# Ugly deep scratches



## pagaz (Apr 30, 2013)

Hello,

I have 2 ugly deep scratches.
Arround the scratchrs there is some white that I don't know if this a clear coat fail because the scratch or is this Something else.





What you think?

Thank you


----------



## SamD (Oct 24, 2015)

Both doors will need a respray unfortunately


----------



## percymon (Jun 27, 2007)

Respray for perfect finish.

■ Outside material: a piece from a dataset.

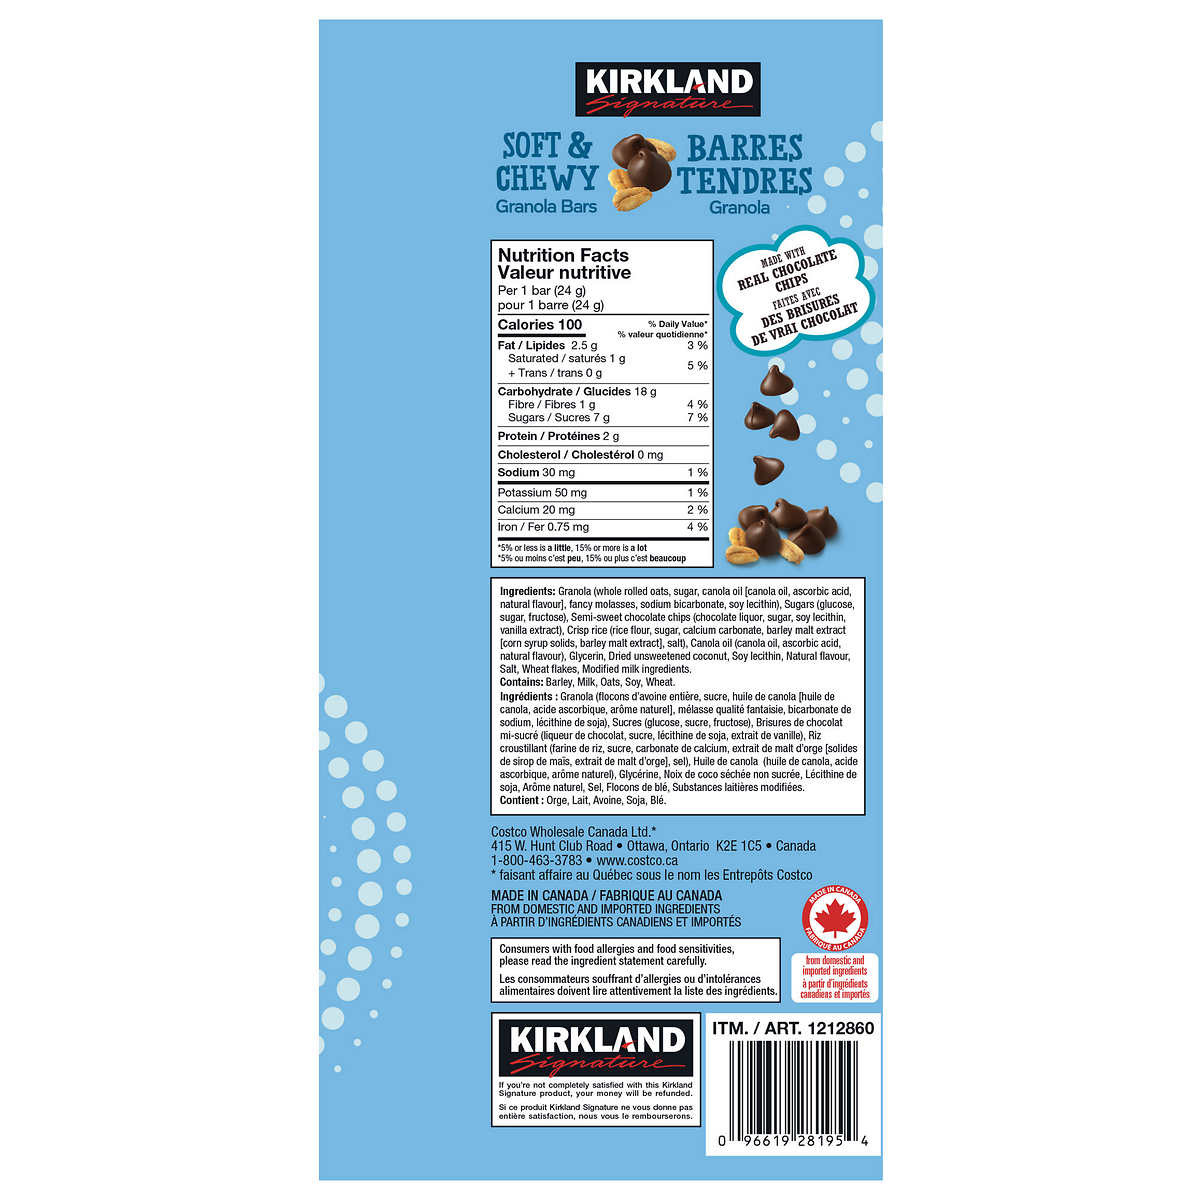 Kirkland Signature Soft & Chewy Granola Bars, 1.54 kg
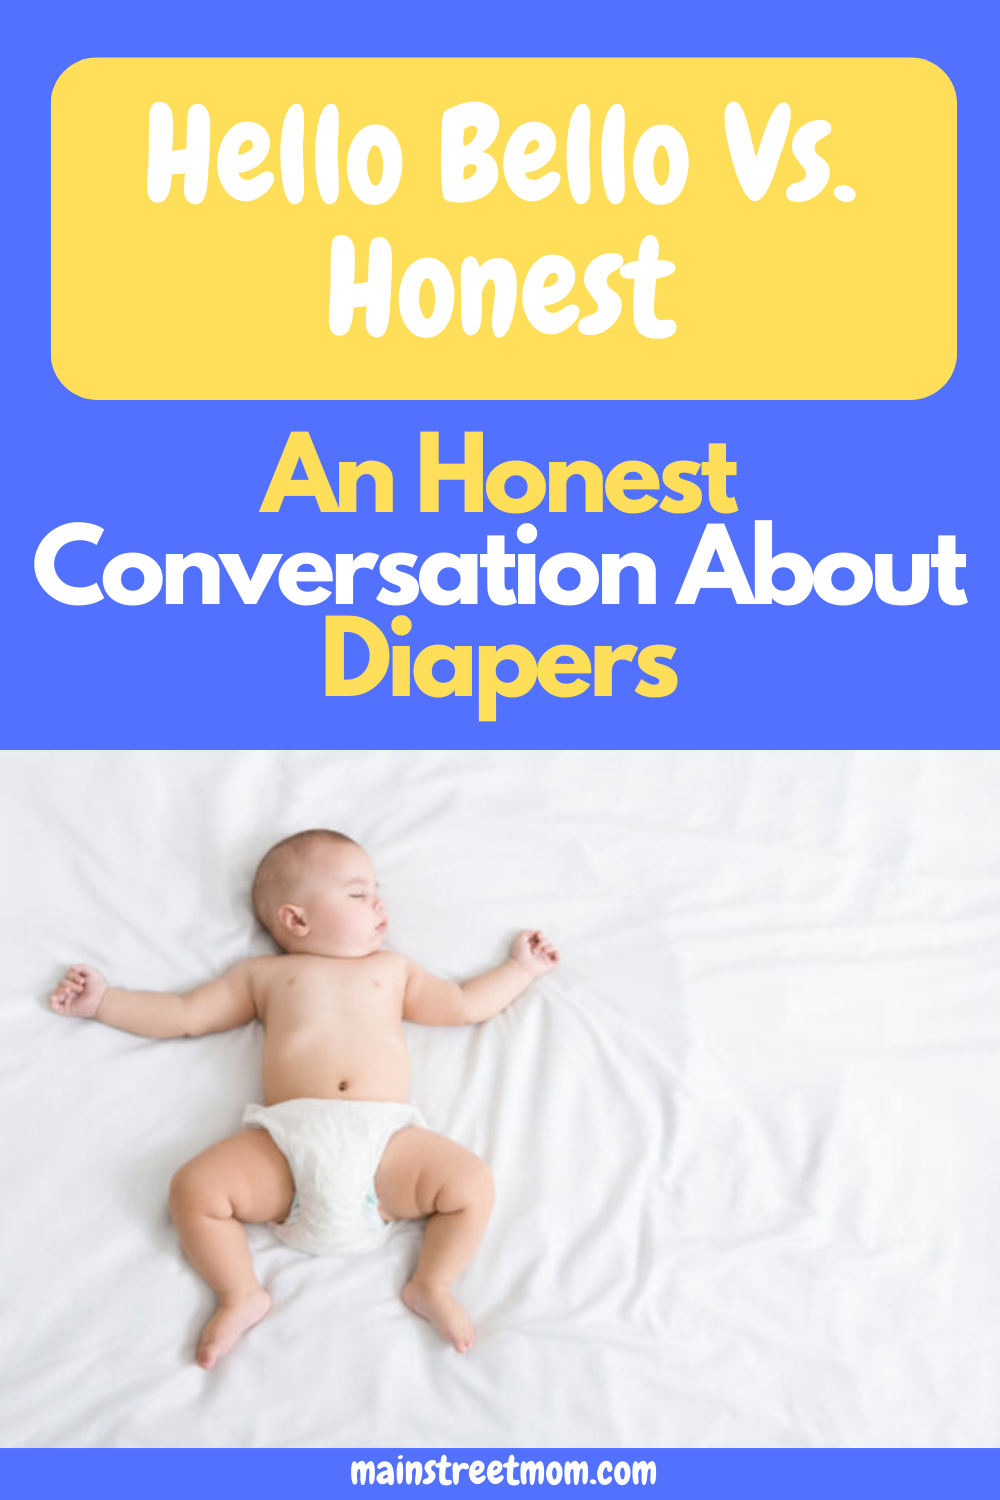 Hello Bello Vs. Honest: An Honest Conversation About Diapers

You could try a paint touch up pen and then lightly wet sand the area flat before machining to a gloss finish again


----------



## steveo3002 (Jan 30, 2006)

id clean off whatever that mess is and try to do a very neat touch in , even a fine line marker pen would hide it


----------



## Soul boy 68 (Sep 8, 2013)

The OCD in me could not handle that, looks bad to me and I'd go for a respray.:buffer:


----------



## pagaz (Apr 30, 2013)

hit the white mark around the scratch with polish?


----------



## Atkinson91 (Oct 3, 2016)

pagaz said:


> hit the white mark around the scratch with polish?


+1

The white around the scratch looks kinda like abrasion marks? 
Those may compound out so they look a little better at least, enough to live with...

Respray otherwise


----------



## pagaz (Apr 30, 2013)

I'm a bit confused with the white marks, because it looks like its the clear coat fail Because of the deep scratching.

I will start with polish and I'll see how it goes.

I have also bought touch up paint, lacquer, filler


----------